İlahiyatçı yazar Ahmet Kurucan’ın kaleme aldığı ve Süreyya Yayınları tarafından yayımlanan ‘Barış Esastır’ isimli kitap raflarda yerini aldı.
TR724.COM
Kitabın ortaya çıkış sebebi ise 2018 Nisan ayında Fransa eski Cumhurbaşkanı Nicolas Sarkozy, üç eski başbakan, Fransa Yahudi ve Hristiyan kuruluşlarının liderlerinin de yer aldığı yaklaşık 300 imzalı bir oluşum ‘’Yahudilerin, Hristiyanların ve kâfirlerin öldürülmesi ve cezalandırılması’’ ile ilgili âyetlerin Kur’ân’dan kaldırılması için çağrıda bulunarak bir bildiri yayınlaması.
Ahmet Kurucan, hiçbir ilmî disipline ve metodolojiye uygun olmayan bu çağrıya bir cevap olarak kitabın konusunu teşkil eden müşriklerin öldürülmesiyle ilgili ayetler üzerinde çalışmaya başlıyor. Kitabın en önemli özelliklerinden biri herkese hitap eden akıcı bir dille yazılmış olması. İlgili ayet kümeleri ve hadislerle ilgili geçmiş dönemlerdeki yorum ve uygulamaları da ele alan yazar, gündeme gelen her soruyu sormaktan kaçınmayarak konunun muhataplarına açık ve net bir değerlendirme alanı açıyor.
İslâm’ın ana kaynakları ve temel esaslarını bloke eden yorumlara Kur’ân ve Hadis perspektifinde verilmiş cevap niteliğinde akademik bir çalışma olan eserde yazar, söz konusu âyet ve hadislerin yalın, sade ve anlaşılır bir üslupla özgün manalarını ortaya koymaya çalışıyor. Âyetleri, tarihi bağlamından koparmadan, nüzûl sebebi, nüzûl süreci ve nüzûl toplumudediğimiz Mekke ve Medine toplumunu ele alıyor.
Bu soralar kitapta cevap buluyor
“Dinde zorlamanın olmadığı, herkesin iman edip etmeme konusunda serbest bırakıldığını’” bildiren âyetlerle müşriklerin öldürülmesi ile ilgili ayetler arasında bir çelişki var mı? Dikta rejimleri, şiddet grupları ve terör örgütleri ‘cihad’ kavramını neden sıklıkla kullanıyor?
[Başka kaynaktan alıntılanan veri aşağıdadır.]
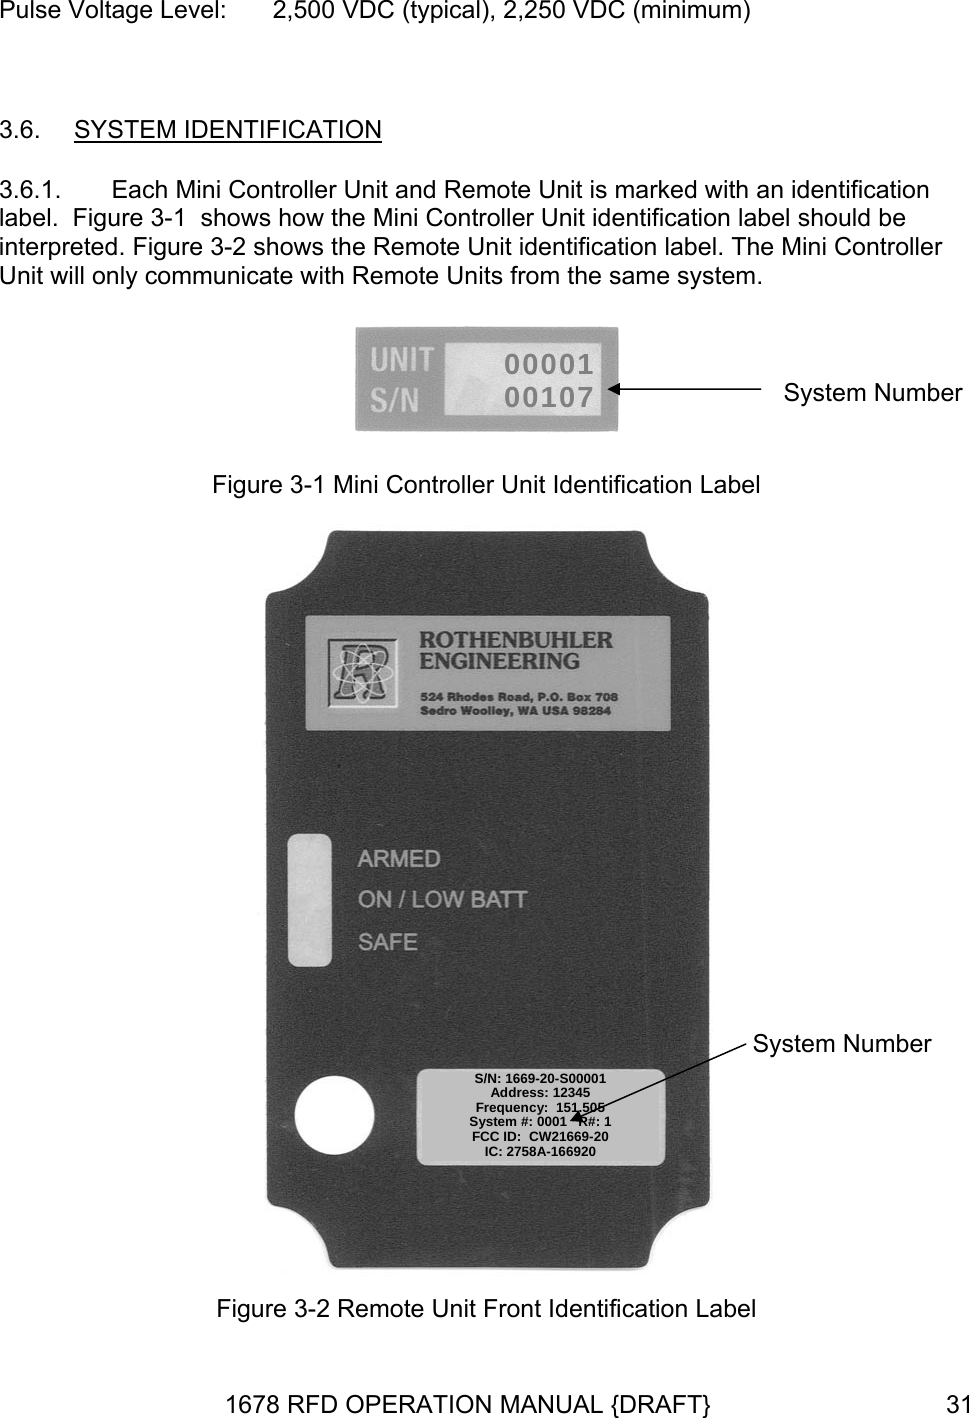 Pulse Voltage Level:  2,500 VDC (typical), 2,250 VDC (minimum)  3.6.  SYSTEM IDENTIFICATION 3.6.1.  Each Mini Controller Unit and Remote Unit is marked with an identification label.  Figure 3-1  shows how the Mini Controller Unit identification label should be interpreted. Figure 3-2 shows the Remote Unit identification label. The Mini Controller Unit will only communicate with Remote Units from the same system.  0000100107 System Number  Figure 3-1 Mini Controller Unit Identification Label  S/N: 1669-20-S00001Address: 12345 Frequency:  151.505 System #: 0001   R#: 1 FCC ID:  CW21669-20 IC: 2758A-166920 System Number Figure 3-2 Remote Unit Front Identification Label 1678 RFD OPERATION MANUAL {DRAFT}  31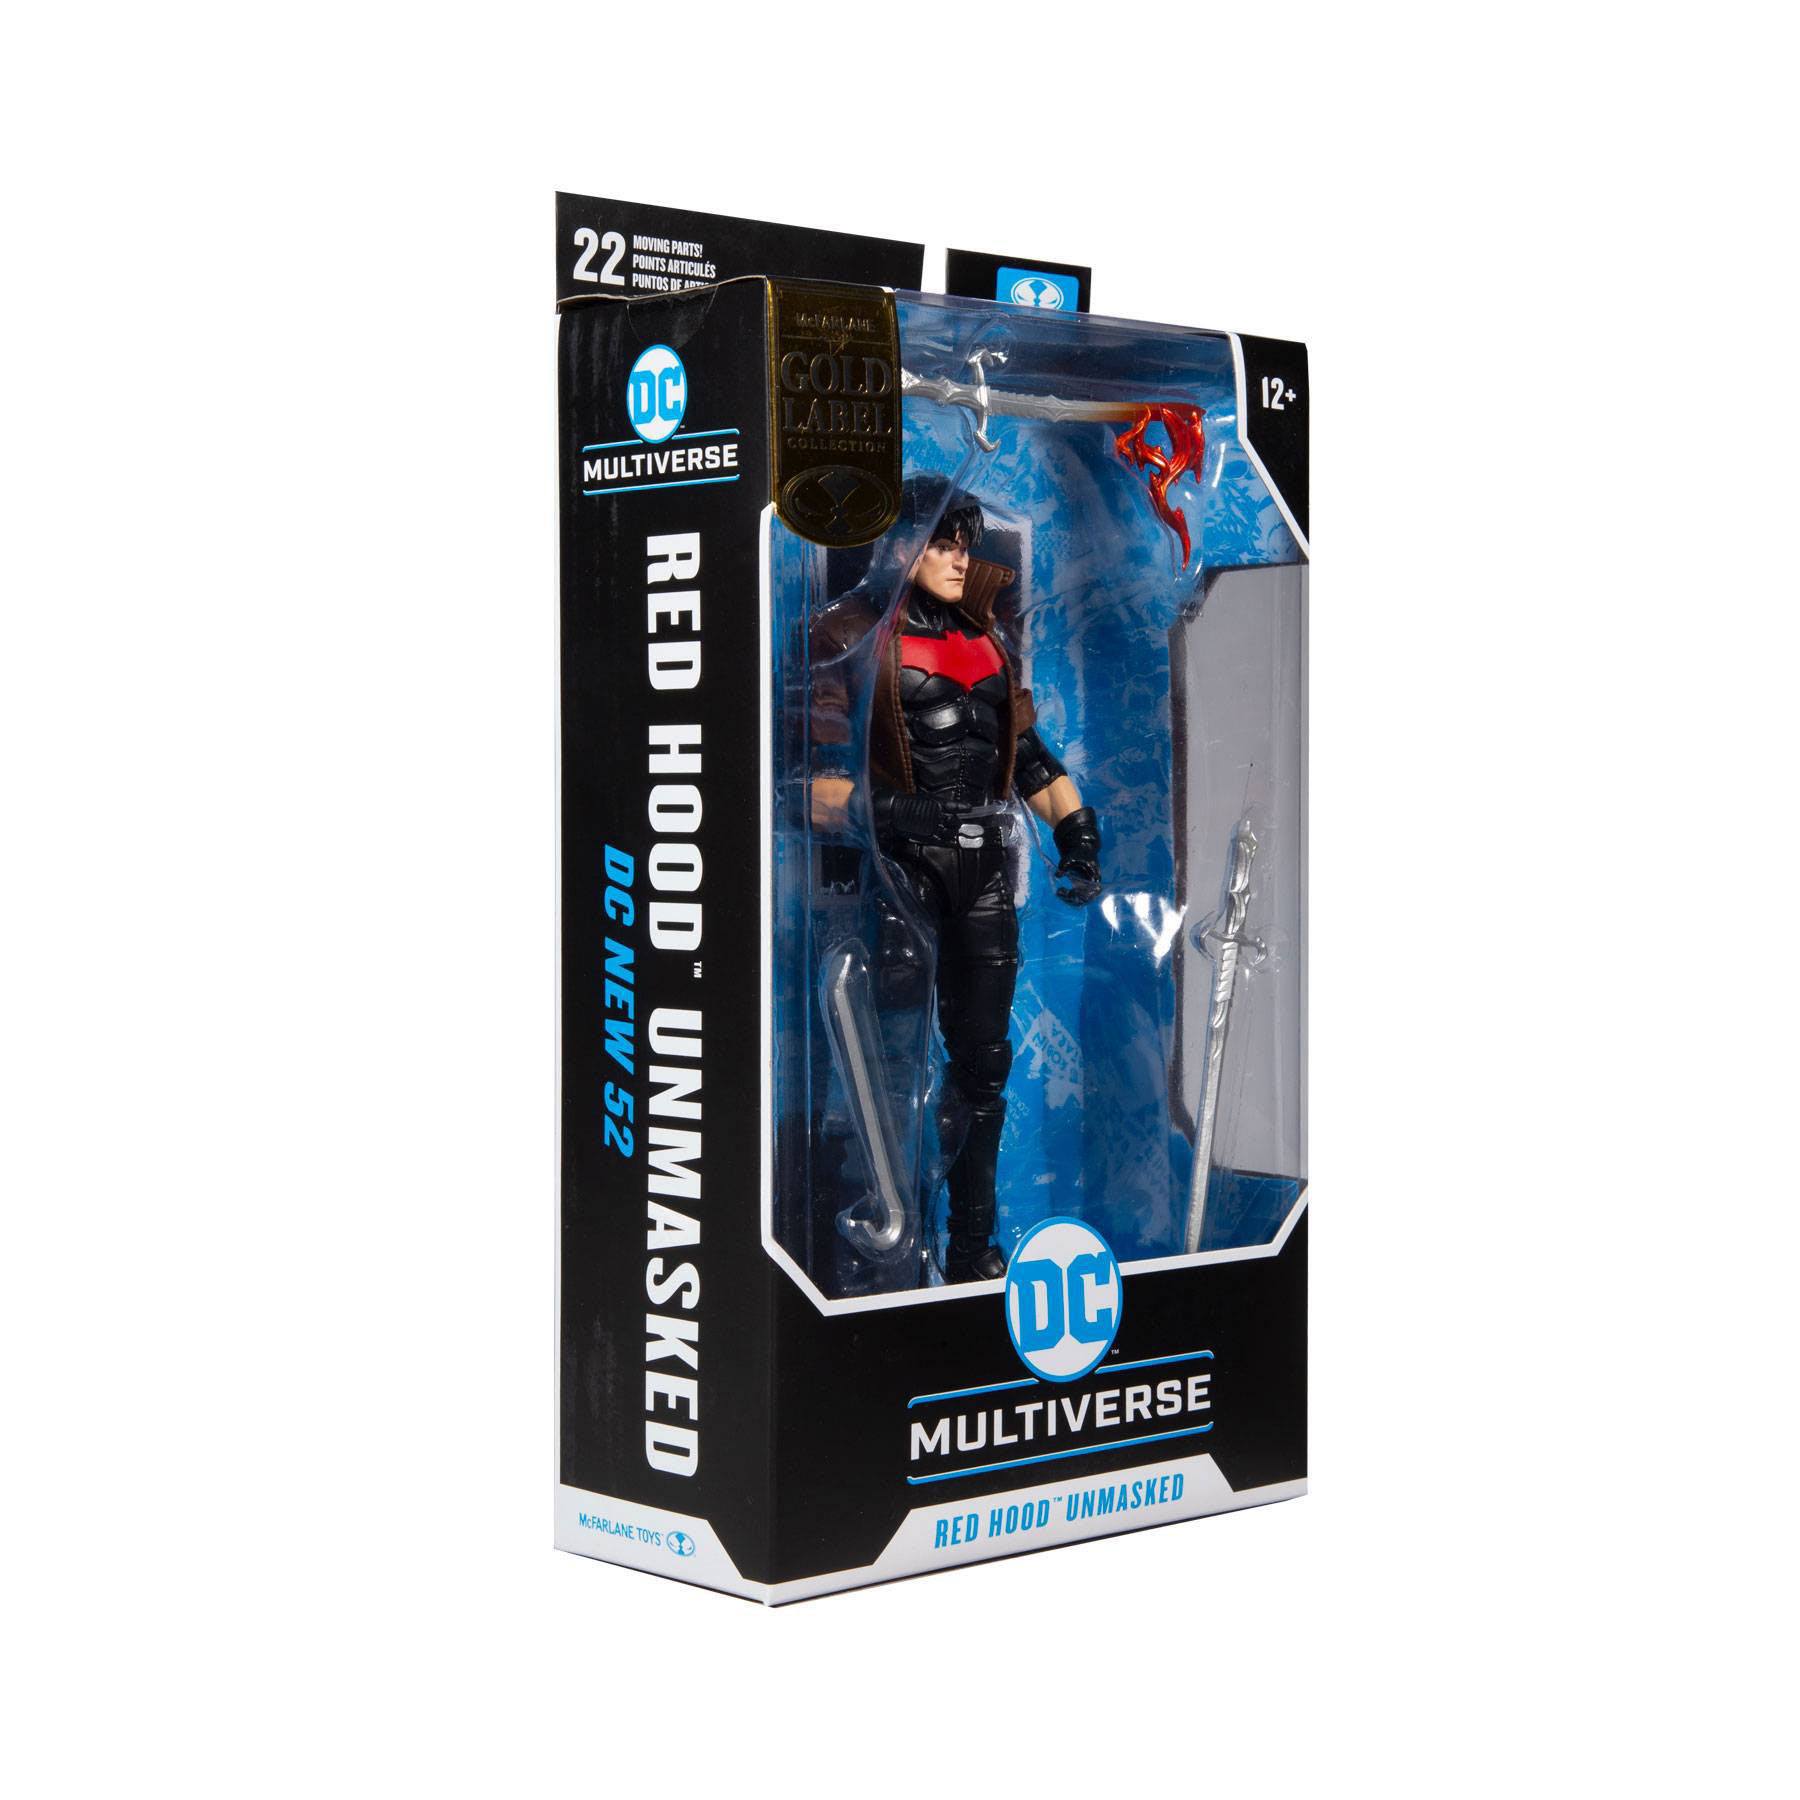 The New 52 DC Multiverse Actionfigur Red Hood Unmasked (Gold Label) 18 cm MCF15170 787926151701

Bireyin kendi nefsiyle mücadelesini tanımlayan bu kavramdan kendilerine göre nasıl bir anlam ve toplumsal motivasyon çıkarıyorlar? Temel problem bu ayetlerin Kur’ân’da yer alması mı yoksa Müslümanların söz konusu ayetleri anlam bağlamından kopararak yüzeysel okumaları mı? İslamî değerler ışığında uluslararası ilişkilerde esas olan barış mıdır, savaş mıdır? İslâm dininin Peygamberi Hz. Muhammed (s.a.v) ve sahabeleri M.S 610-632 yılları arasında nazil olan bu ayetlerin verdiği ültimatomları nasıl yorumlamış ve pratikte nasıl uygulamışlardır? İslâm’da savaş sebebi küfür veya şirk mi,yoksa ilkesizlik midir? Allah’ın ayetlerini politik tutumlara, ideoloji, toplum ve şahsa göre yorumlamak da bir nevi küfür, şirk ya da ilkesizlik değil midir? İntikam, savaşın maksadı olabilir mi? Tarihi bir zeminde belirli hadiselere bağlı olarak inen bu âyetler, gerçekten kim veya kimlerden, neden bahsediyordu? Haklarında öldürülme emri verilen müşrikler kimlerdi ve ne yapmışlardı? gibi birçok sorunun cevabı veriliyor.